━━━ Data for this exercise ━━━

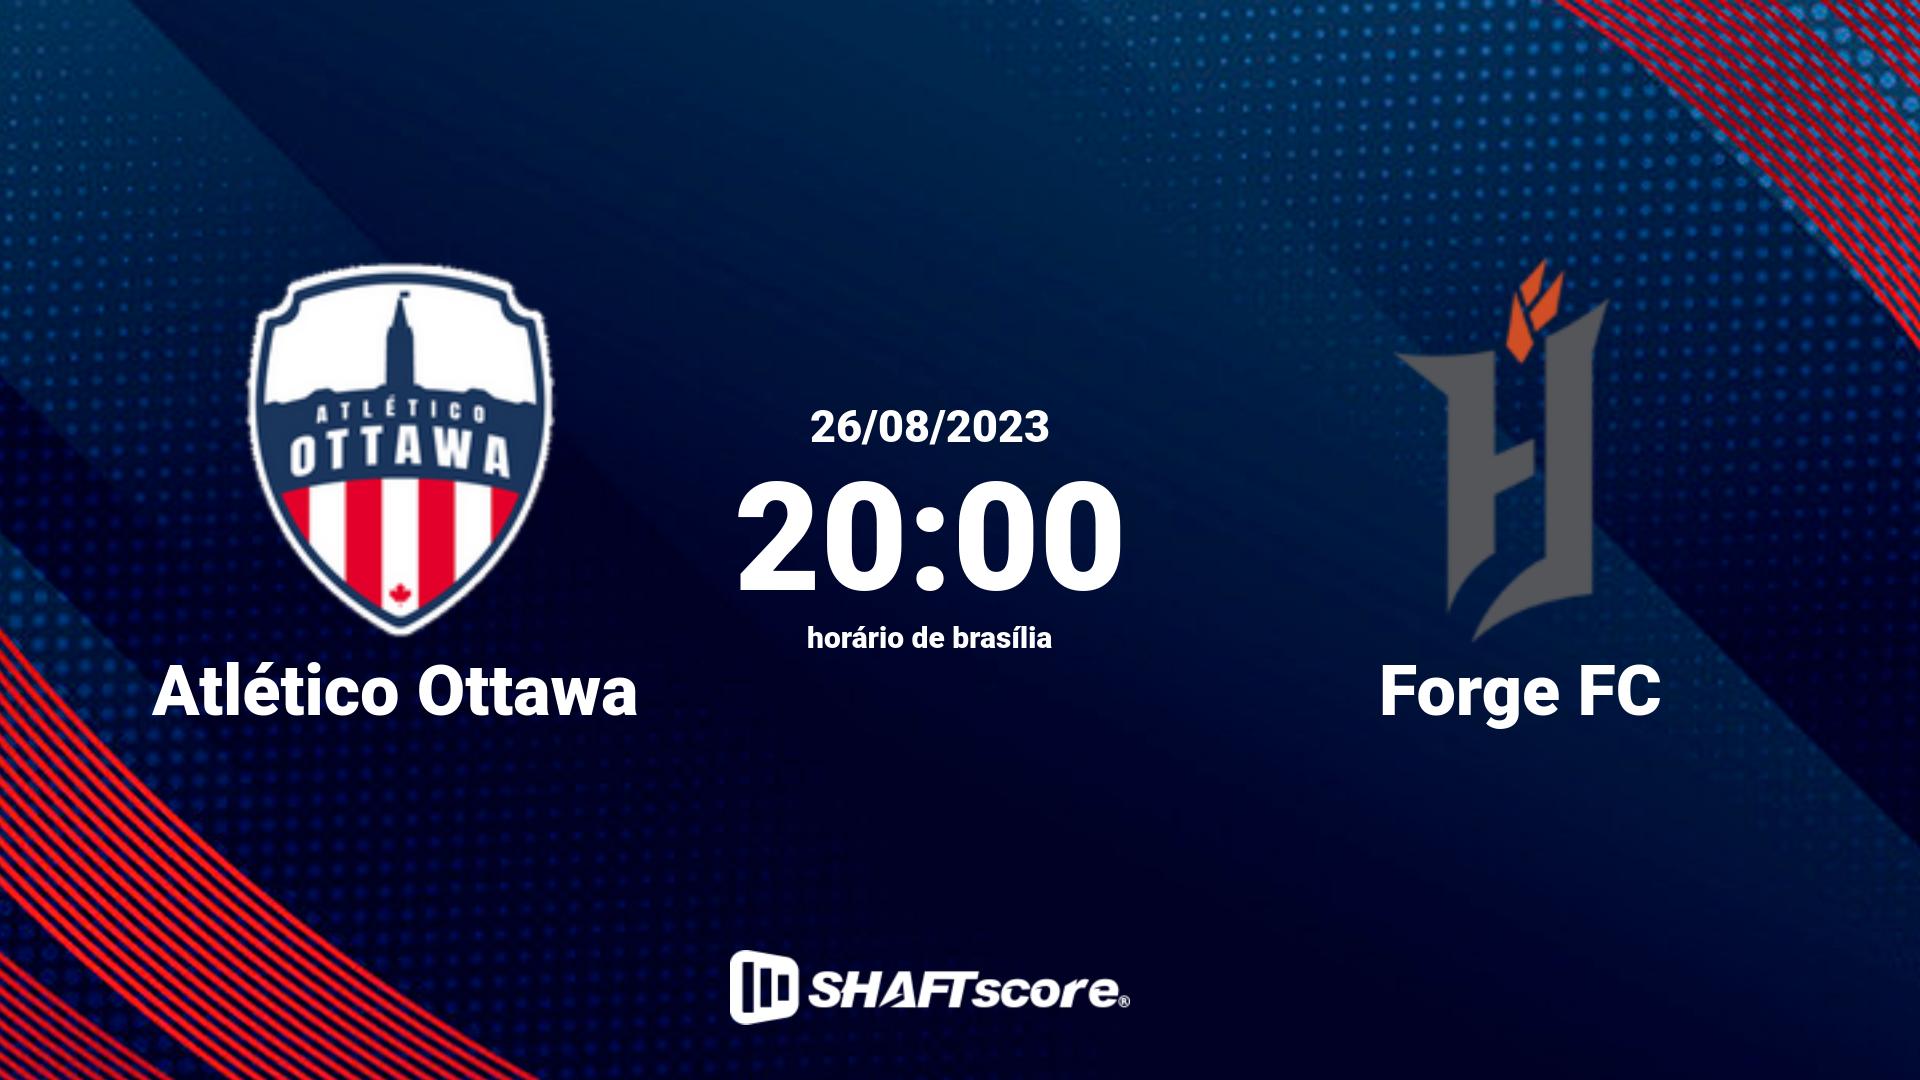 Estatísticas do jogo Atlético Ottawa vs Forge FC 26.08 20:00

━━━
━━━ Data for this exercise ━━━

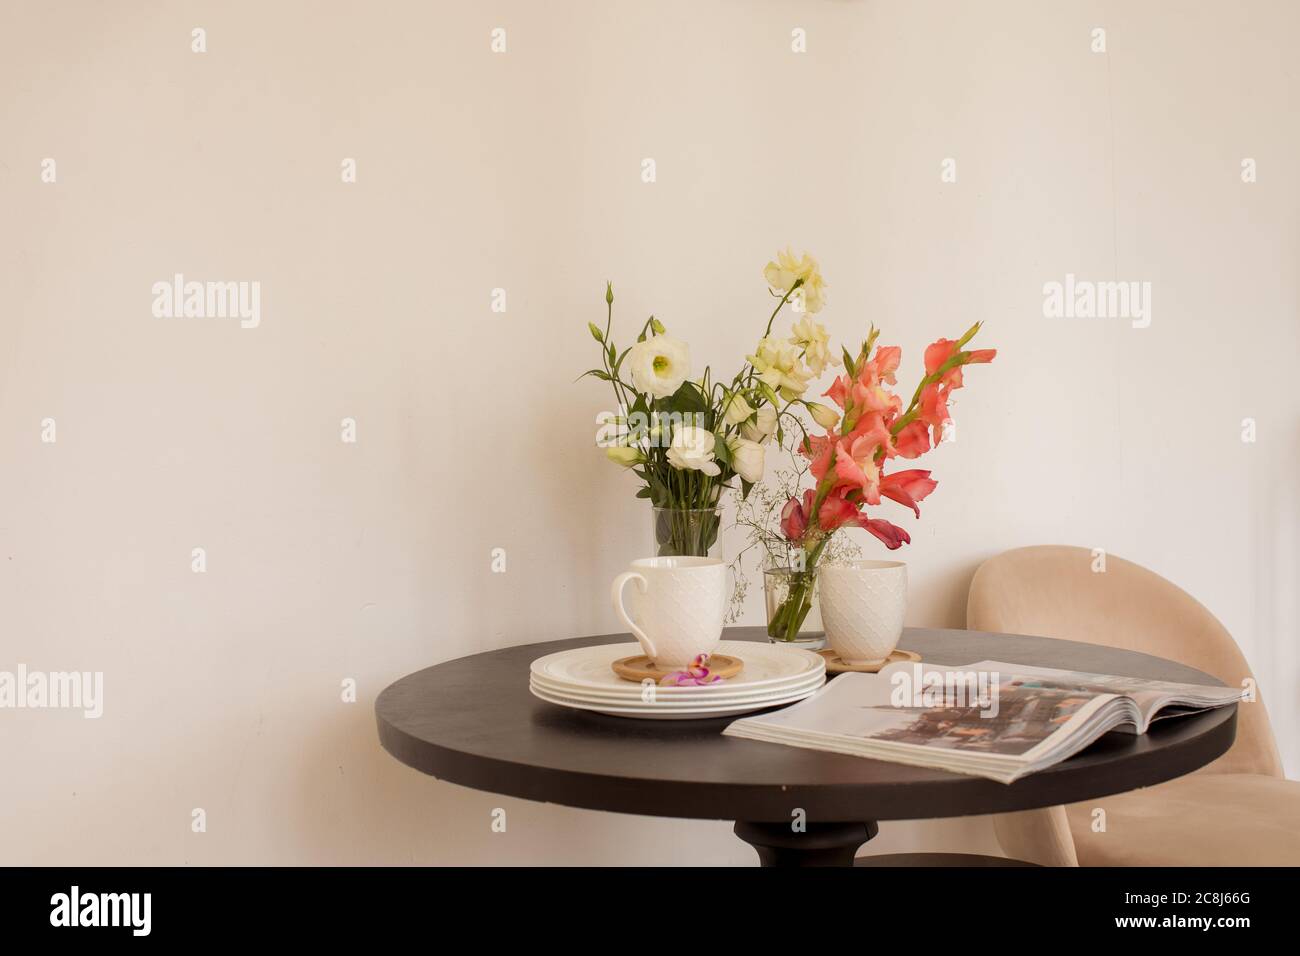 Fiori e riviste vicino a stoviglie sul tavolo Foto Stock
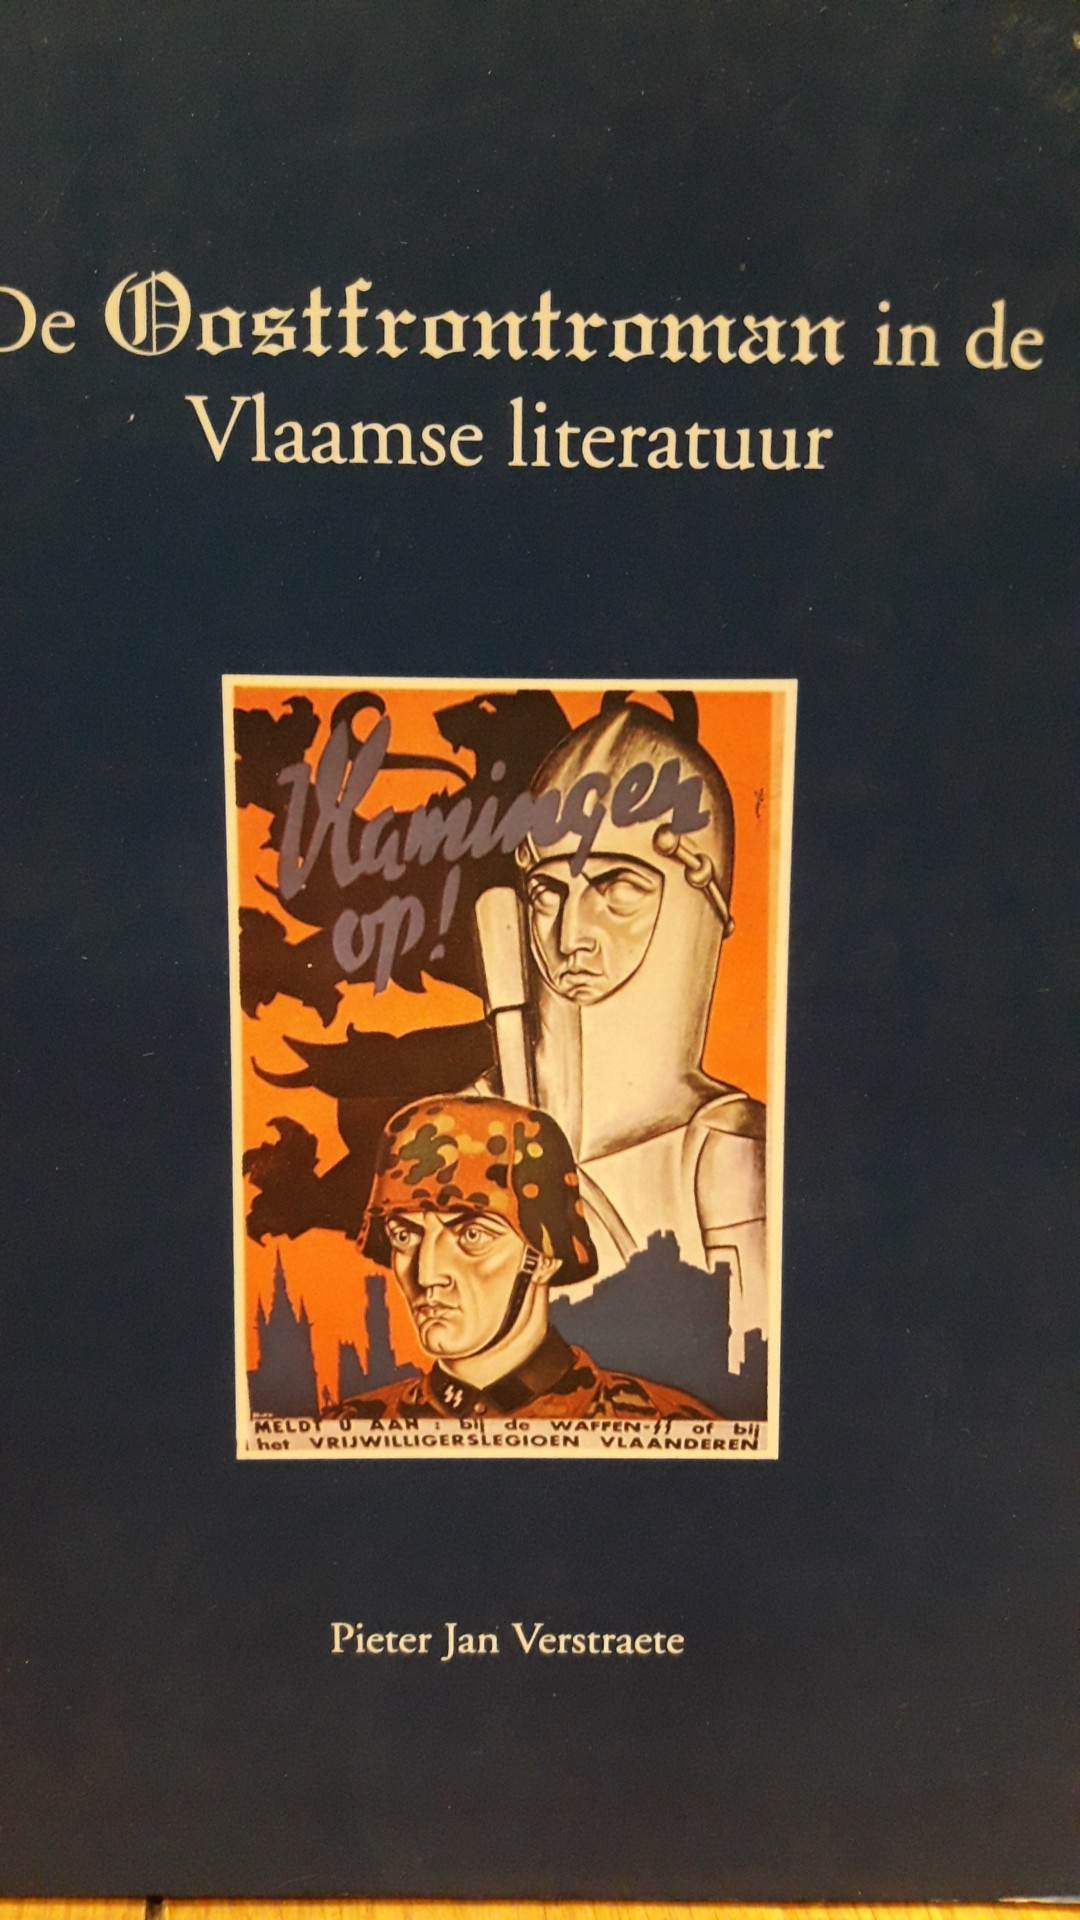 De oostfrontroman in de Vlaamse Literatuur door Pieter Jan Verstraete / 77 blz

━━━
━━━ Data for this exercise ━━━

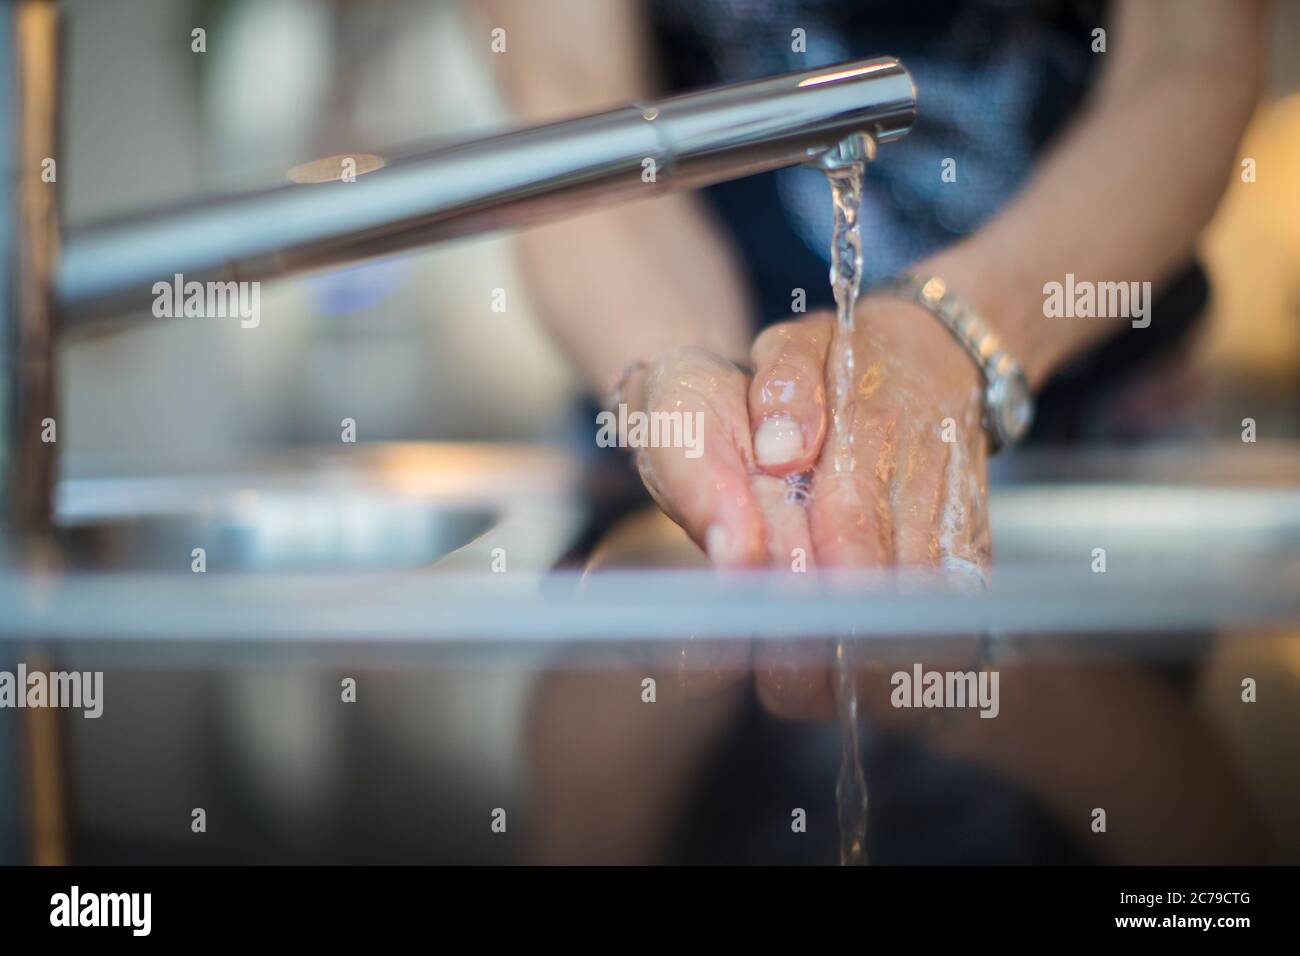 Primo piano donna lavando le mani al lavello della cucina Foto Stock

━━━

**What is needed**
From the material above, reproduce only what runs from the line holding "Fiori e riviste" down to the line holding "De oostfrontroman in", both included, pictures excluded.

**Exercise response**
 Fiori e riviste vicino a stoviglie sul tavolo Foto Stock
 De oostfrontroman in de Vlaamse Literatuur door Pieter Jan Verstraete / 77 blz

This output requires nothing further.